Martin Schultz, Performance Assessment in Water Quality Regulation
Committee: Scott Farrow - co-chair (EPP), Paul Fischbeck (SDS/EPP), Mitchell Small - co chair (CEE/EPP), and Jeanne VanBriesen (CEE)

      Regulatory decision support tools that integrate the physical and social science aspects of environmental decisions have the potential to improve the quality of regulatory decisions and raise their net social benefits. This thesis demonstrates analytical approaches to achieving such an integration in the development of water pollution trading programs and the evaluation of water pollution control regulations.
      Watershed-based systems approaches to water quality regulation involving pollution trading or point/non-point source offsets are being devised in response to total maximum daily loads (TMDLs) required under the Clean Water Act. A two-stage optimization algorithm combining a mixed-integer linear program and simulated annealing is developed to optimize trading ratios in accordance with a watershed objective given the combined actions of water treatment facilities acting independently to minimize treatment costs.
      The Index of Watershed Indicators (IWI) is an EPA index created to assess watershed vulnerability and condition in the United States. This index is critiqued and a recommendation to base the index on multiattribute utility theory is developed.
      Finally, a reduced-form model is developed for EPA’s National Water Pollution Control Assessment Model. The model is used to assess the economic benefits of combined sewer overflow controls in four states. Results are compared with the U.S. Environmental Protection Agency’s control cost estimates. The sensitivity of these benefits to assumptions of the benefit cost-analysis is tested. Work supported by Carnegie Mellon’s Center for the Study and Improvement of Regulation; EPA’s Office of Policy, Economics, and Innovation Fellowship (U-915513-01-0) and EPA Water and Watershed grant #4-82802101-0.

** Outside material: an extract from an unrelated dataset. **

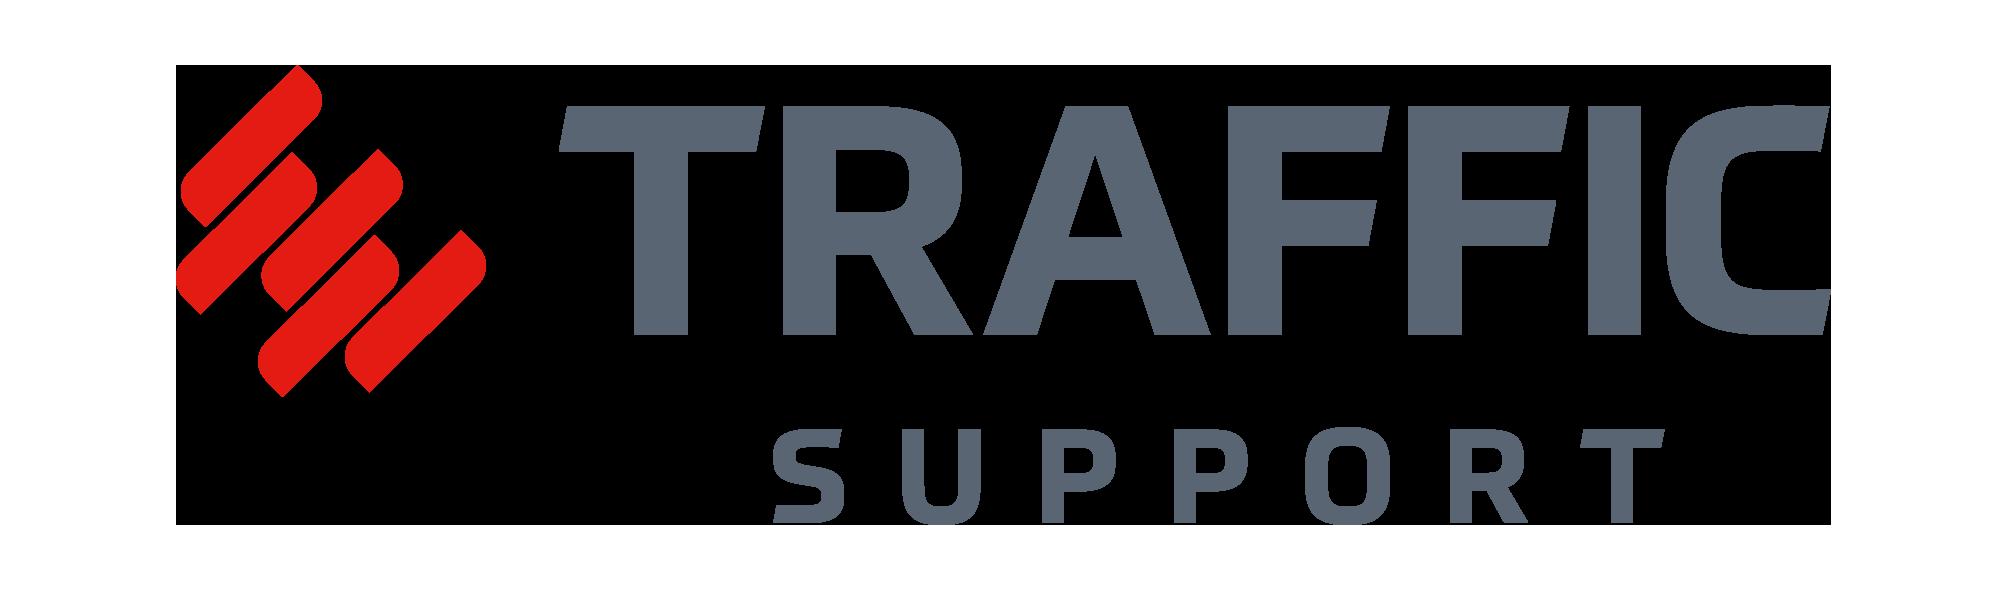 Traffic Support

BIN Shui, Consumer Lifestyles Approach: A paradigm for understanding the role of consumers in energy use and environmental impacts
Committee: Hadi Dowlatabadi - chair (UBC), Baruch Fischhoff (SDS/EPP), Granger Morgan (EPP/ECE/Heinz), John Robinson (UBC)

      This thesis explores the relationship between consumer activities and their environmental impacts. Four studies are conducted to illustrate the great potential of such a focus to achieve energy conservation and greenhouse gas mitigation.
      The first study re-estimates U.S. energy use and CO2 emissions from the consumer’s perspective. The second explores the factors that are most important in influencing home energy use, who consumes more than others, and why. Study three presents an individual CO2 emission estimator software system which helps individuals to estimate their profiles of energy use and CO2 emissions. The fourth study explores what barriers may exist in consumer fuel choices for residential water heaters.
      Findings from the four studies demonstrate that: 1) the integration of top-down and bottom-up studies could provide a comprehensive understanding of issues related to consumer lifestyles and related energy and environmental impacts; 2) policies should aim to reduce both direct and indirect energy use and emissions over lengthy time horizons; 3) a national model is not a good proxy for regional policy – given significant regional differences, regionally tailored policies may be more effective and efficient in solving regional problems; and 4) providing information alone is not sufficient for effective energy conservation and CO2 reduction - information provided to consumers should be vivid, personalized, and targeted to specific energy users and end uses. Work supported by the Center for Integrated Study of the Human Dimensions of Global Change through a cooperative agreement between the National Science Foundation grant (SBR-9521914) and Carnegie Mellon University.